[RAW DATA]
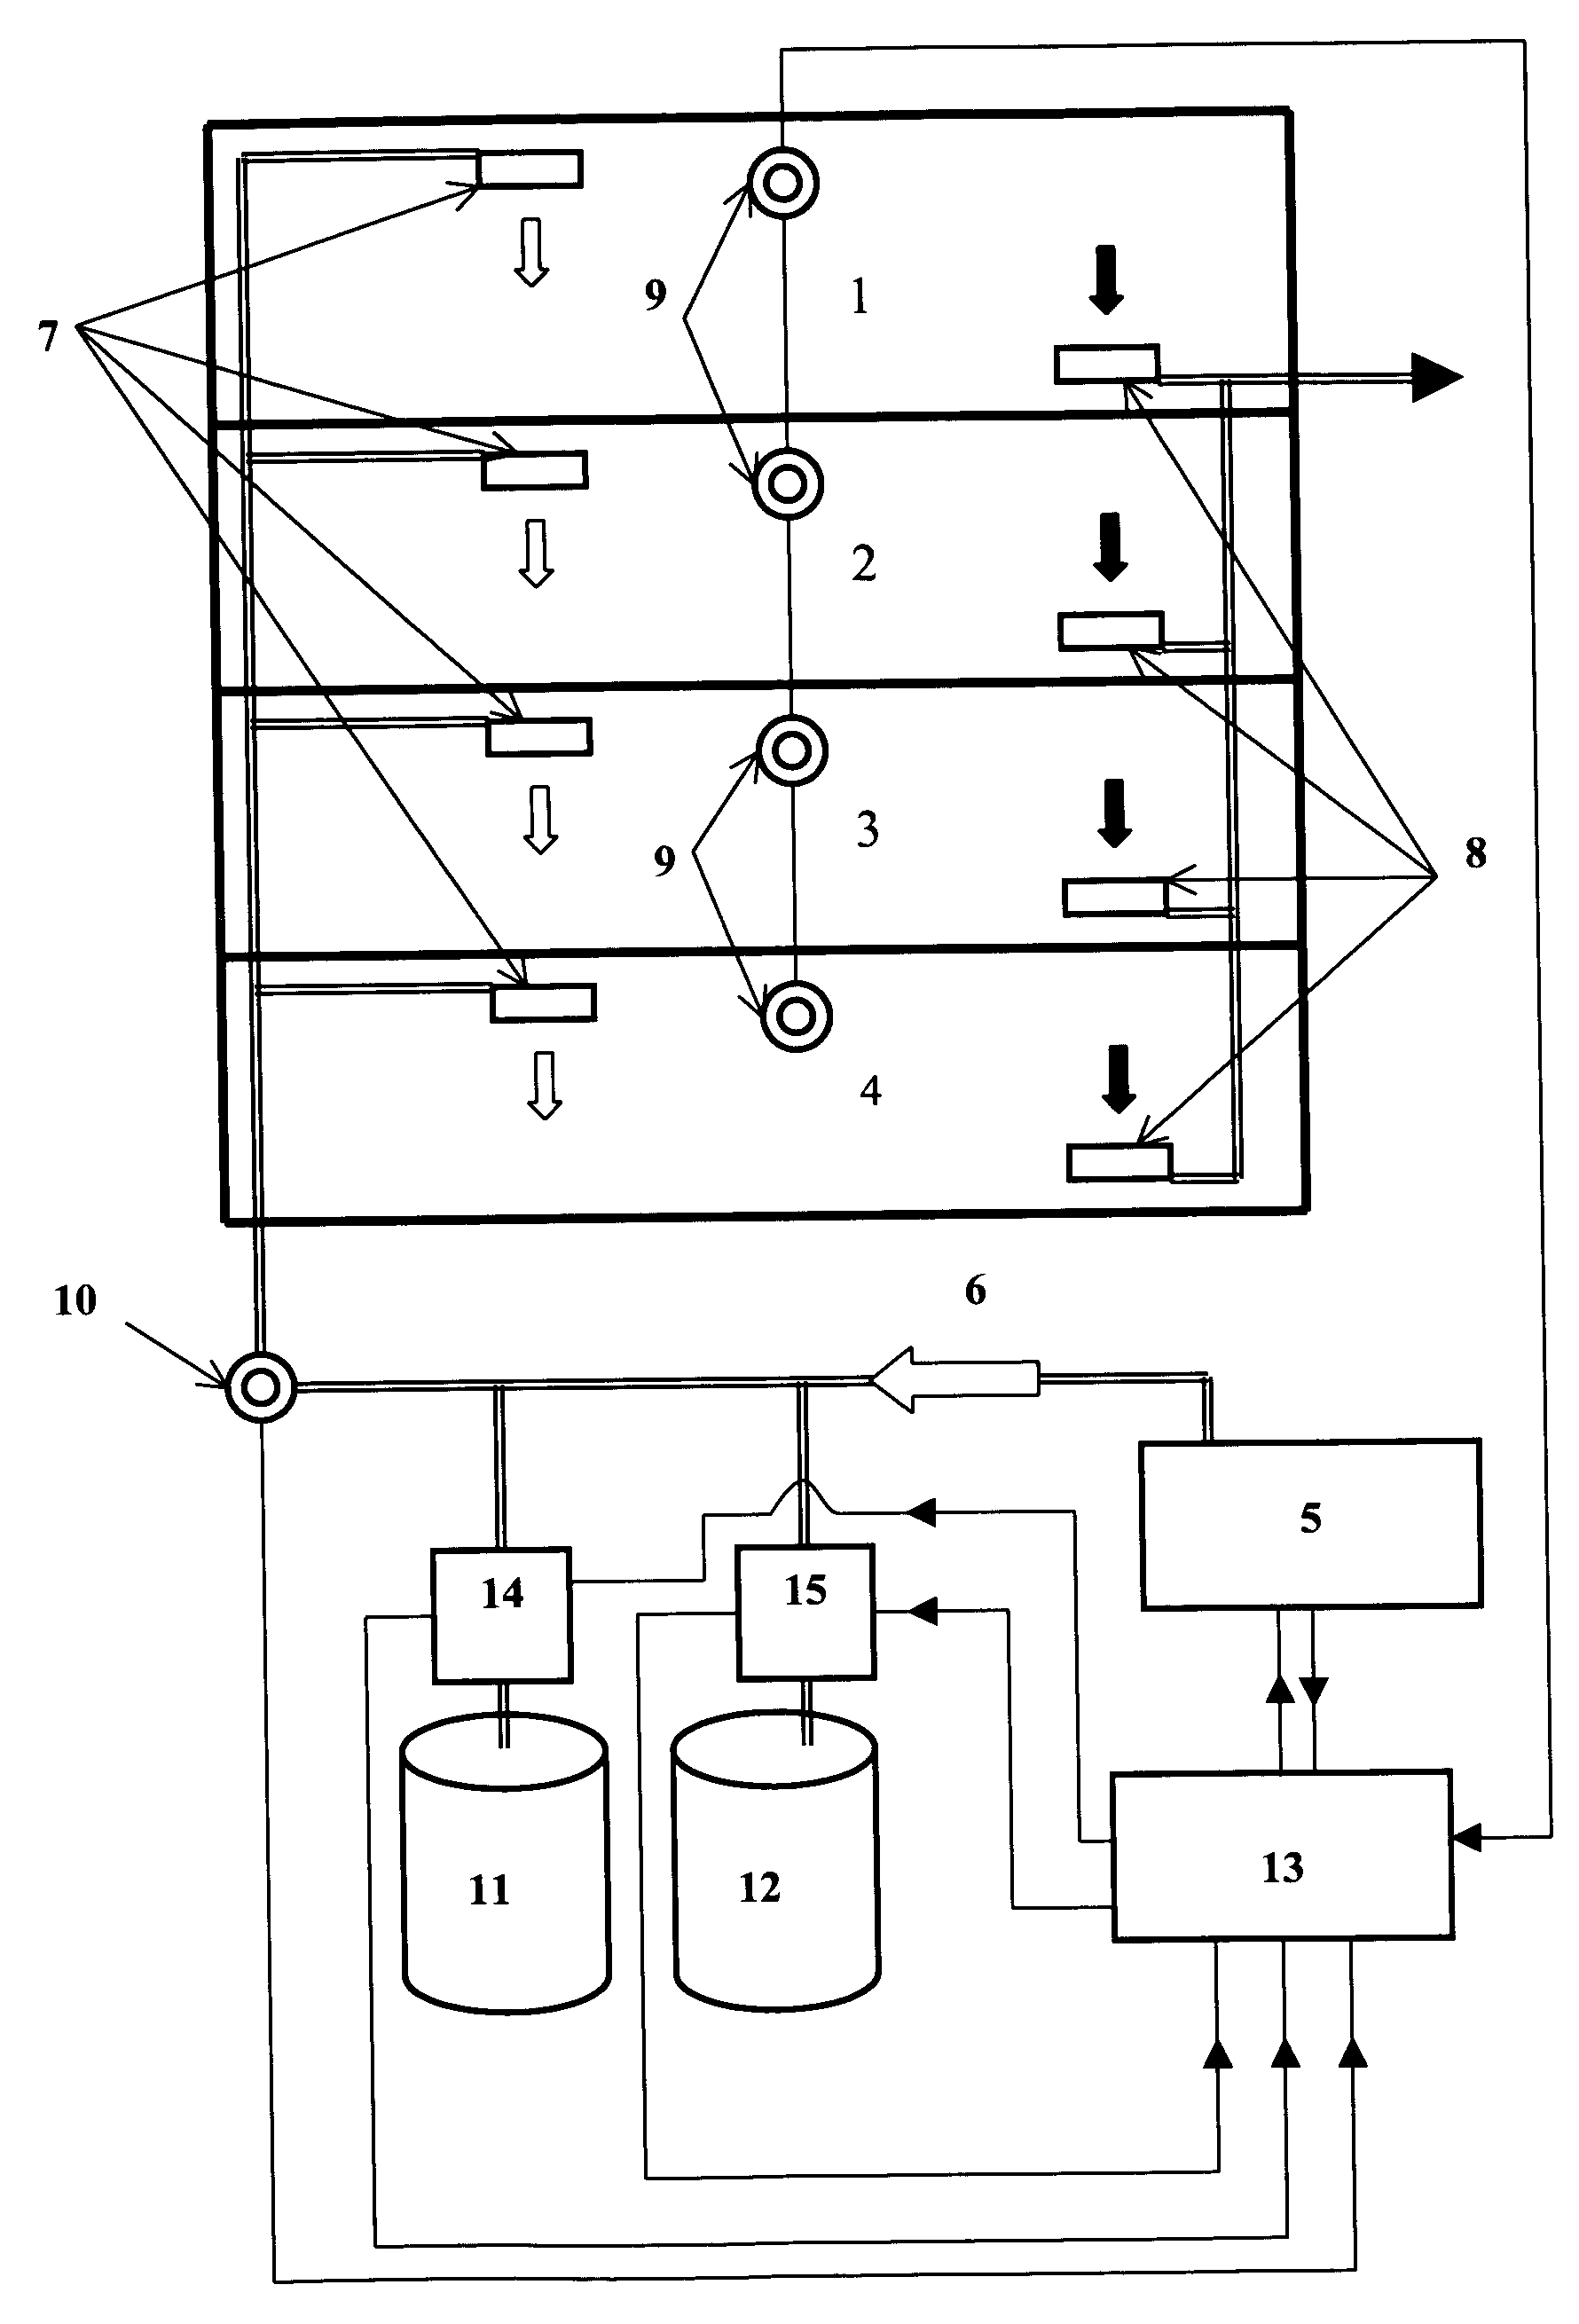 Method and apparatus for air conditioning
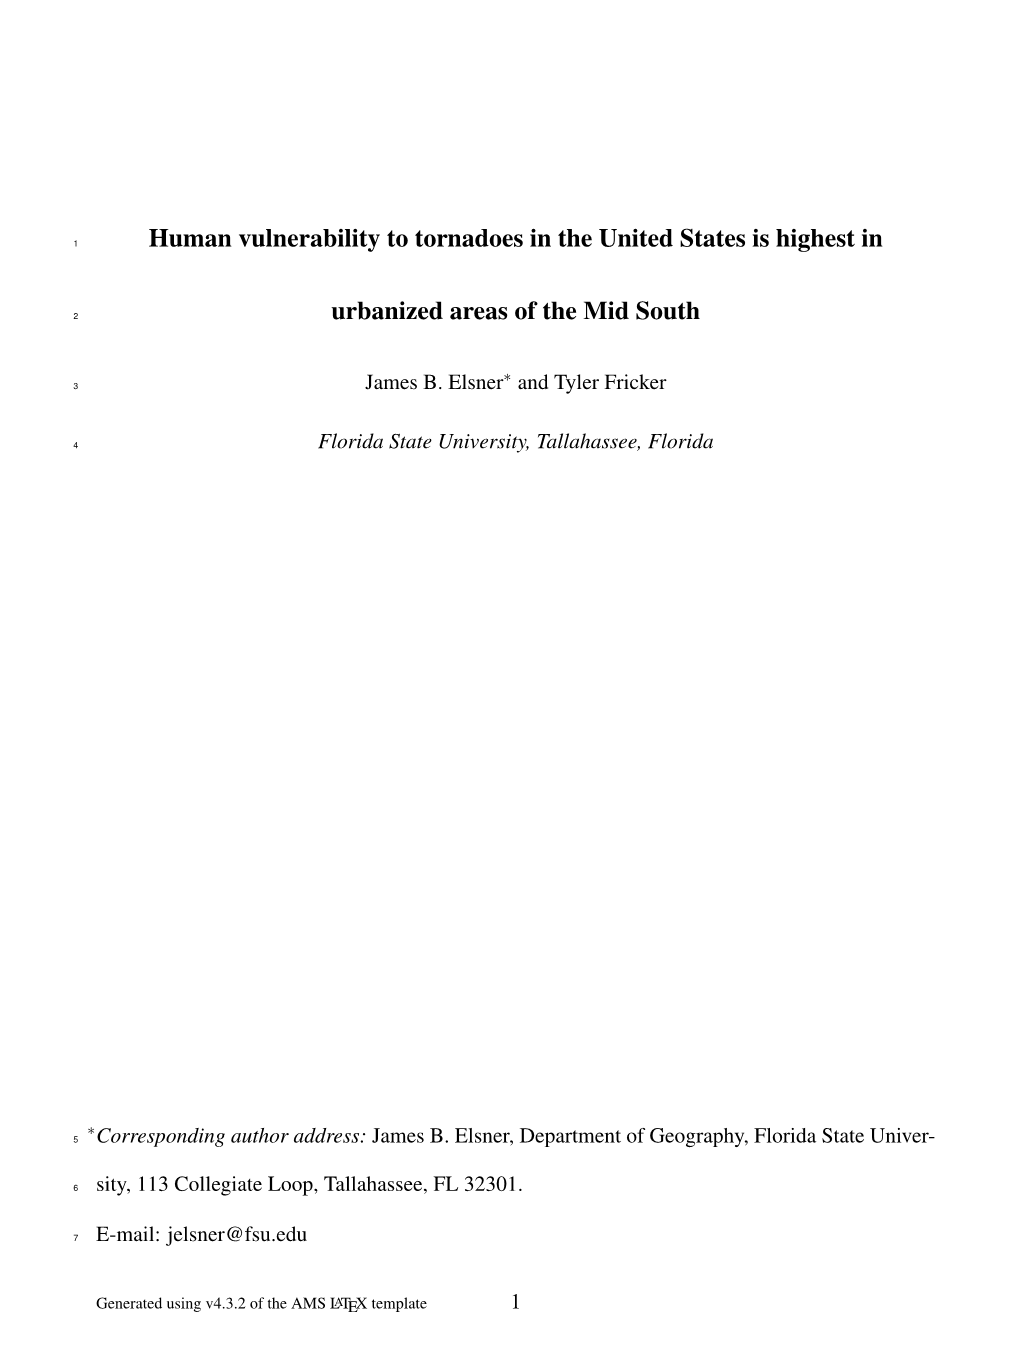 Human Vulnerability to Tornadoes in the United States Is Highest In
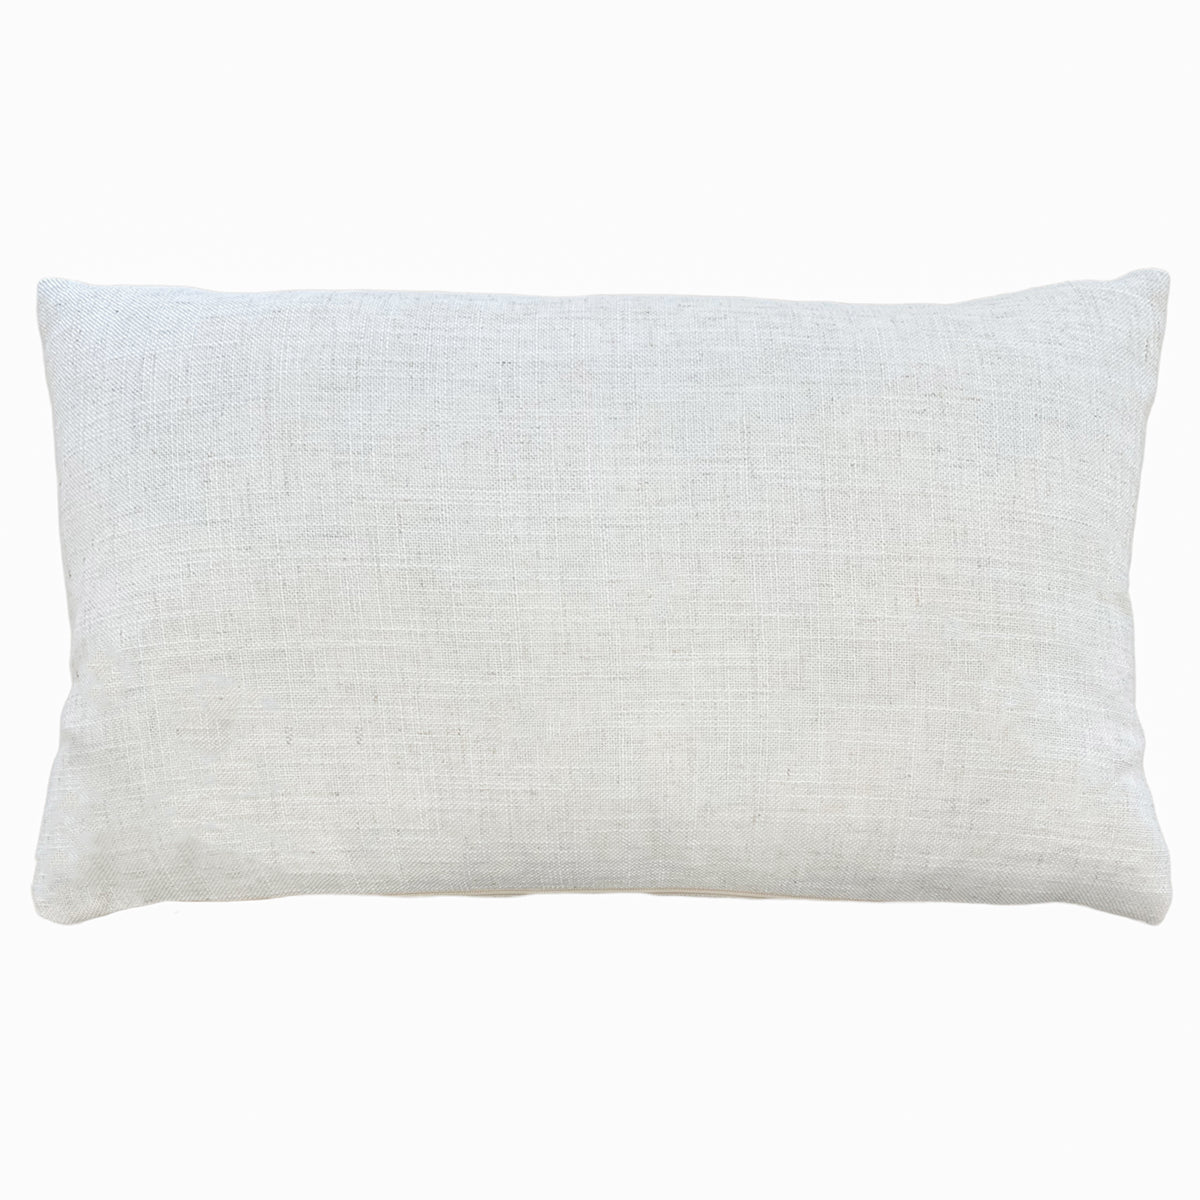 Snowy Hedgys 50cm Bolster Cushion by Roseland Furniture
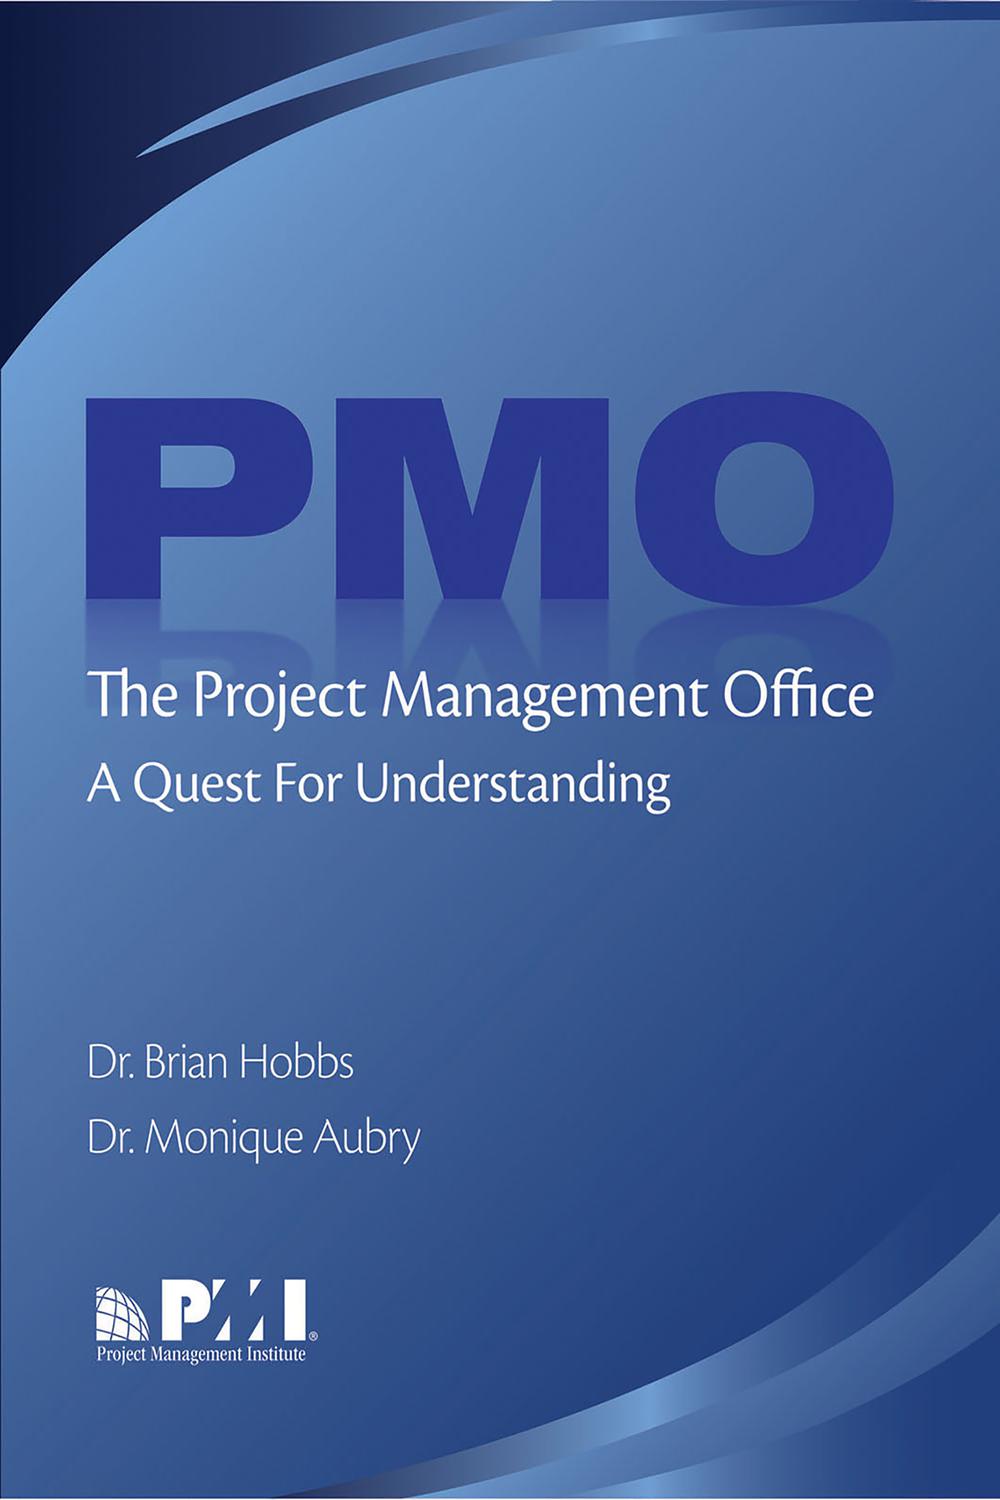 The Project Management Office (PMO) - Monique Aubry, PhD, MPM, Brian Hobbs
[/RAW DATA]
AIM OF THE EXERCISE | Leave the pictures out and return the rest of the listing exactly.

THE COMPLETED TASK |
 Method and apparatus for air conditioning
 Human Vulnerability to Tornadoes in the United States Is Highest In
 Snowy Hedgys 50cm Bolster Cushion by Roseland Furniture
 The Project Management Office (PMO) - Monique Aubry, PhD, MPM, Brian Hobbs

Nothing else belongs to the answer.